Increased AQP2 and AQP3 expression in renal cortex in COX‐2 deficient mice

Abstract

Previously we demonstrated that COX‐2 activity contributes to downregulation of aquaporin‐2 (AQP2) in rats subjected to 24h of bilateral ureteral obstruction (BUO). In this study we hypothesized that COX‐2 exerts tonic suppression of renal AQPs. We investigated the expression of AQPs and cyclooxygenase‐1 (COX‐1) in cortex (COR) and inner medulla (IM) tissue from COX‐2−/− mice.
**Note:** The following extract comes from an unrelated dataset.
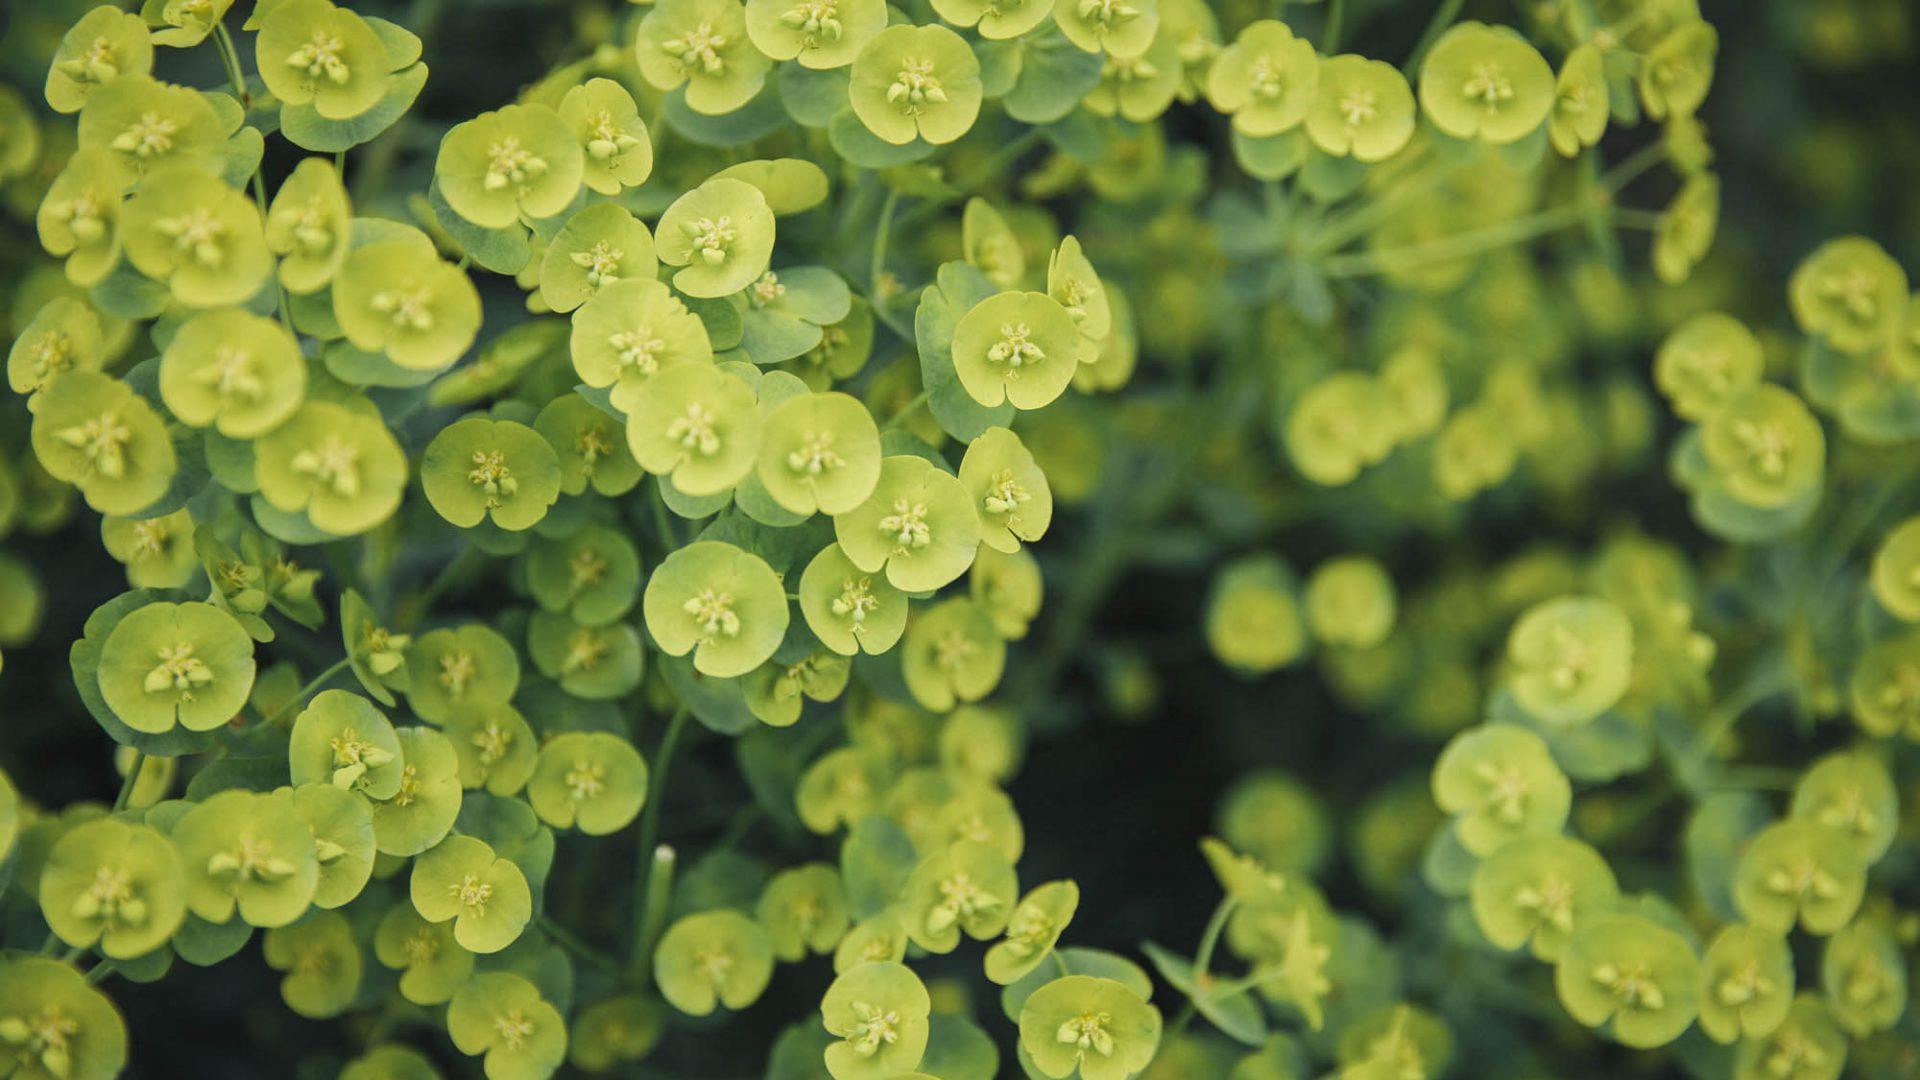 Closeup of plants

Kidneys from 4 week old COX‐2−/− (C57Bl6, 1. generation) mice and wild type (WT) littermates were prepared for semiquantitative immunoblotting. A subset of mice was perfusion fixed for immunohistochemistry (IHC). Plasma creatinine, osmolality and urea levels were increased in the COX‐2−/− mice compared to the WT. COX‐2 protein was not detectable in COX‐2−/− kidneys. COX‐1 abundance was increased in both COR and IM in COX‐2 KO mice compared to the WT. This was confirmed by IHC showing labeling of collecting ducts. AQP1 expression was unchanged in COR. AQP2 protein level was increased in COR of COX‐2−/− compared to WT but was not different in IM. The expression of AQP3 was increased in COR of COX‐2−/− mice and IHC showed intense labeling of the basolateral membranes of the cortical collecting ducts in the KO mice.The data indicate that COX‐2 is involved in regulation of the expression of AQP2 and AQP3. Further studies are required but our preliminary results indicate that COX‐2 may contribute to segmental regulation of water reabsorption.